8.1 compare the time lower bound of the Sorting Algorithm

Decision Tree Model

The process of comparative sorting can be abstracted as a decision tree. A decision tree is a full Binary Tree, indicating that a sorting algorithm acts on all the comparisons made by a given input. The execution of the sorting algorithm corresponds to traversing a path from the root of the tree to the leaf node. Each inner node corresponds to a comparison of AI & AJ. The left subtree determines the comparison after AI <= AJ, And the right subtree determines the comparison after AI> AJ. When a leaf node is reached, the Sorting Algorithm is determined. A necessary condition for a sorting algorithm to work correctly is the n of n elements! Which must appear as a leaf node of the decision tree. Set the height of the decision tree to H and the number of leaves to L, so there are 2 h> = L> = n !, So there is h> lgn! = Ω (nlgn ). This shows that the worst time complexity of comparative sorting is Ω (nlgn ). This also shows that the complexity of Merge Sorting and heap sorting has been progressively optimized.

 

 

Exercise:

8.1-1 What is the minimum possible depth of a leaf node in a decision tree with comparative sorting?

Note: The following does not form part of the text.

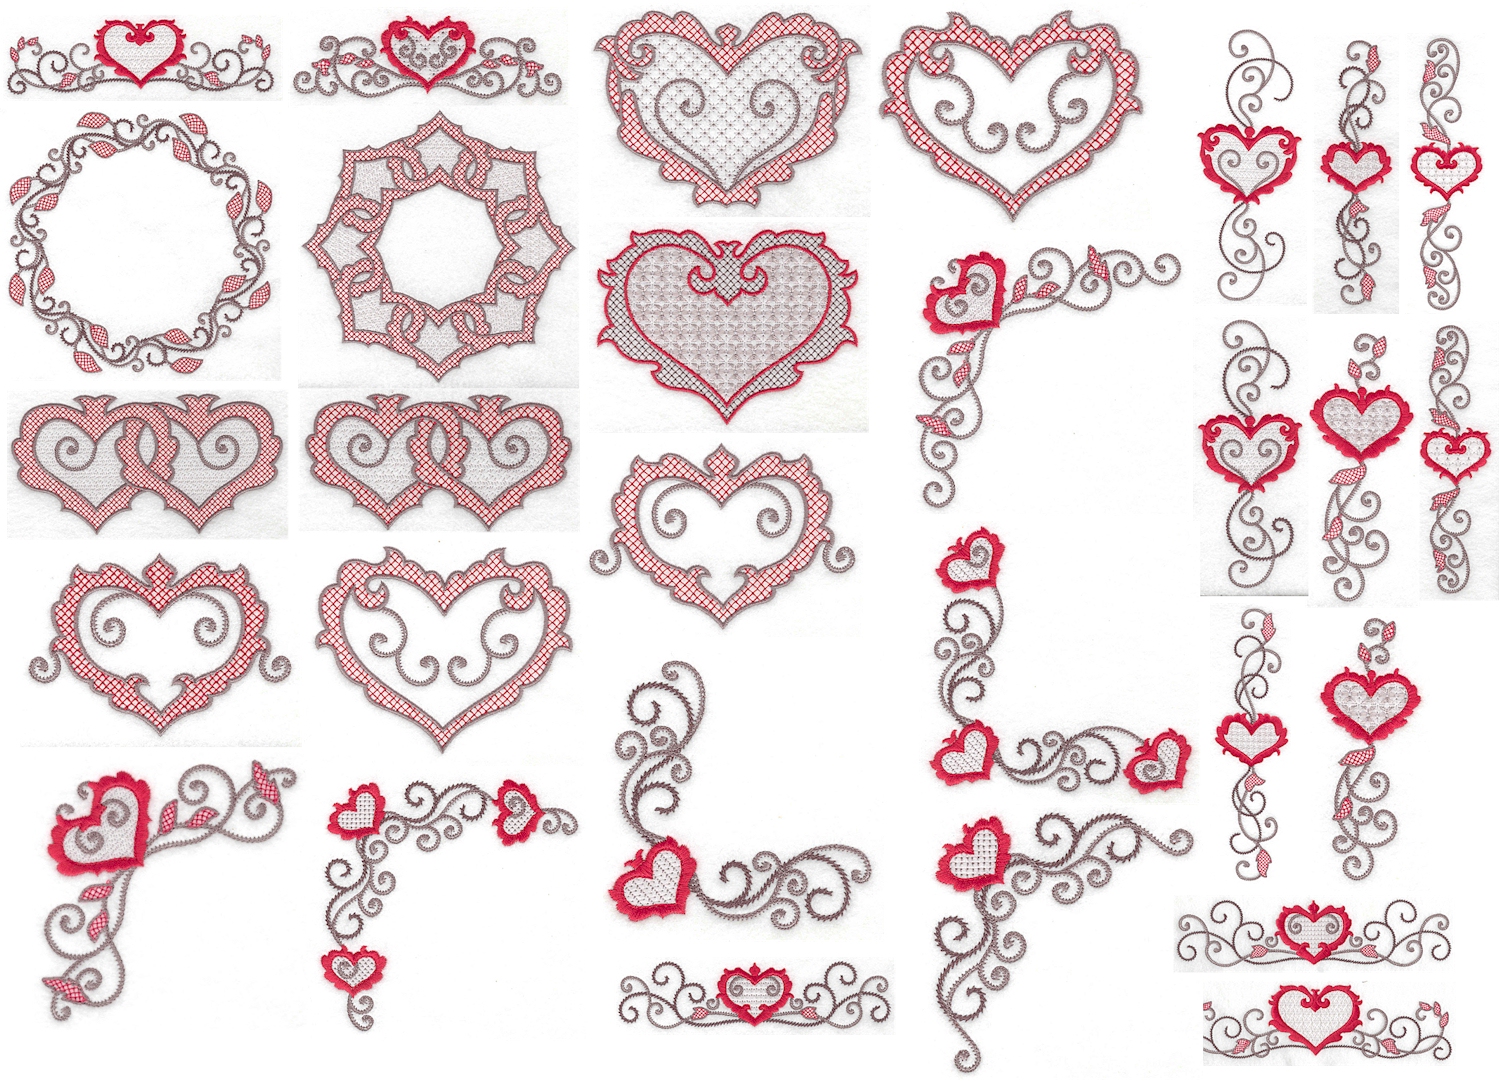 Floral Hearts Embroidery Designs by John Deer's Adorable Ideas - Multi-Format CD-ROM
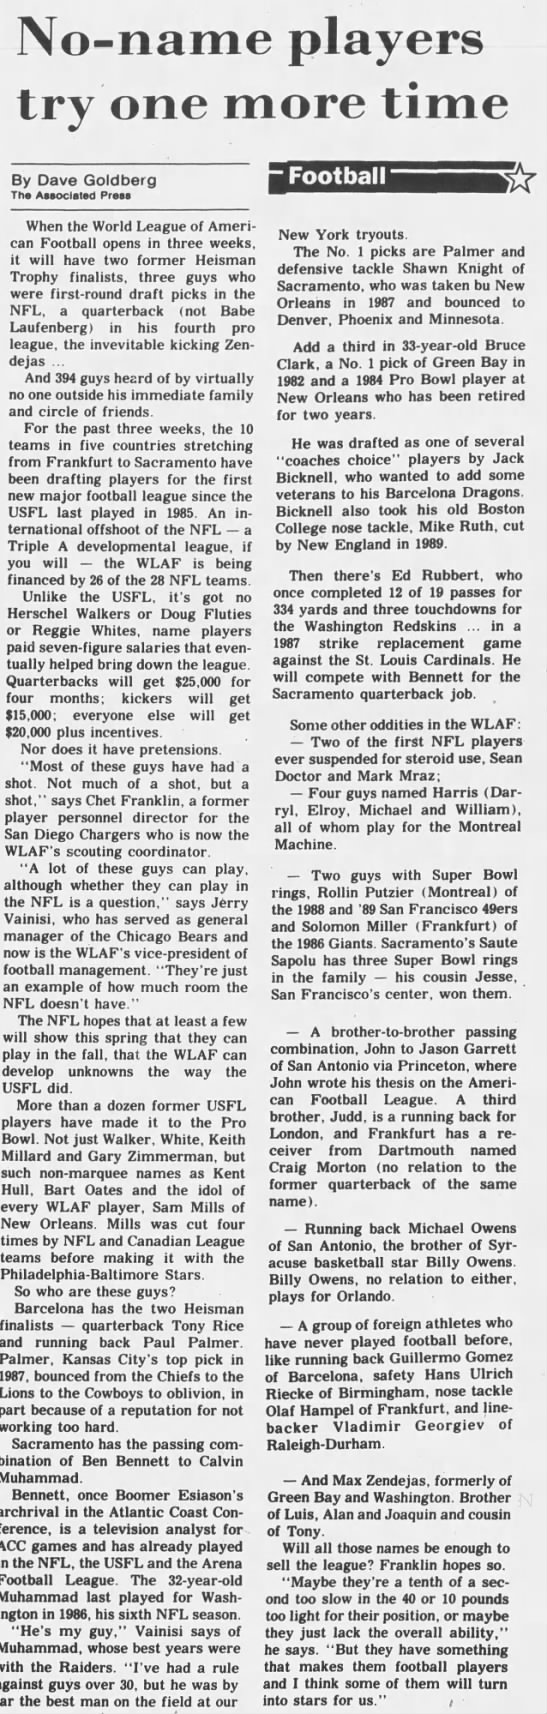 An article about some NFL connections to the 1991 WLAF season. -

Analysis: n-1. Because it must be at least n-1 times. I wonder if there is any more theoretical proof?

 

 

8.1-3 proof: For N with a length of n! For at least half of input, there is no comparative Sorting Algorithm with linear time. To n! What about Part 1/n? What about 1/2n?

 

Analysis: assume that the depth of M leaf nodes in decision trees is H = O (N), then 2 h> M, so we can see that H is Ω (LGM ). Set M = n! /2, we can see that this is in conflict with H = O (n. Similarly, for 1/N * n! And 1/2n * n! The same is true.

 

8.1-4 There are n elements to be sorted. The input sequence is an N/K sub-sequence, each containing k elements. Each element in each sub-sequence is smaller than the element in the subsequent sub-sequence, greater than the element in the precursor subsequence. In this way, as long as the k elements in the subsequence are sorted, the sorting result of the entire input sequence is obtained. It is proved that the number of comparisons required in this Sorting Problem has a lower threshold (nlgk ).

 

Analysis: the number of sub-sequences of each K element is K !, The number of the entire sequence in the preceding conditions is (K !) N/K. Based on the decision tree analysis method, the depth of the decision tree is h> LG (K !) N/K) = N/K lg (K!)> N/K lg (K/2) K/2 = N/2lgk/2. Therefore, H = Ω (nlgk ).

 

 

8.2 count sorting

Count sorting assumes that each of the N input elements is an integer between 0 and K. Here, K is an integer. When K = O (n), the running time of counting sorting is round (n ).

 

The idea of counting sorting is to determine the number of elements smaller than X for each input element x. With this information, you can place x directly to the position of the final output array.

 

The following is the pseudo code for counting and sorting. Assume that the input is an array a [1... n], which stores the sorting result B [1... n], and C [0... k].

Counting-sort (a, B, K)

1 For I <-- 0 to K

2 do C [I] <-- 0

3 For j <-- 1 to length [A]

4 Do C [A [J] <-- C [A [J] + 1

5 For I <-- 1 to K

6 Do C [I] = C [I] + C [I-1]

7 For I <-- length [a] downto 1

8 do B [C [A [I] = A [I]

9 C [A [I] = C [A [I]-1

 

The running time of counting sorting is round (n + k), and the counting sorting is stable. The reason why counting sorting breaks through the previously mentioned limit of Ω (nlgn) is that it is not based on element comparison, and it is based on the prior knowledge of element values. Although the progressive complexity of counting sorting is better than that of comparing sorting, the constant of counting sorting is obviously large and not local sorting. Therefore, we need to consider factors such as the input characteristics, input size, and memory limits in actual selection.

 

Exercise:

8.2-4 Please give an algorithm to preprocess the given n integers between 0 and K, and can be in O (1) how many of the input integers are returned in the response time? [... b. The pre-processing time of the algorithm you provided is percentile (n + k ).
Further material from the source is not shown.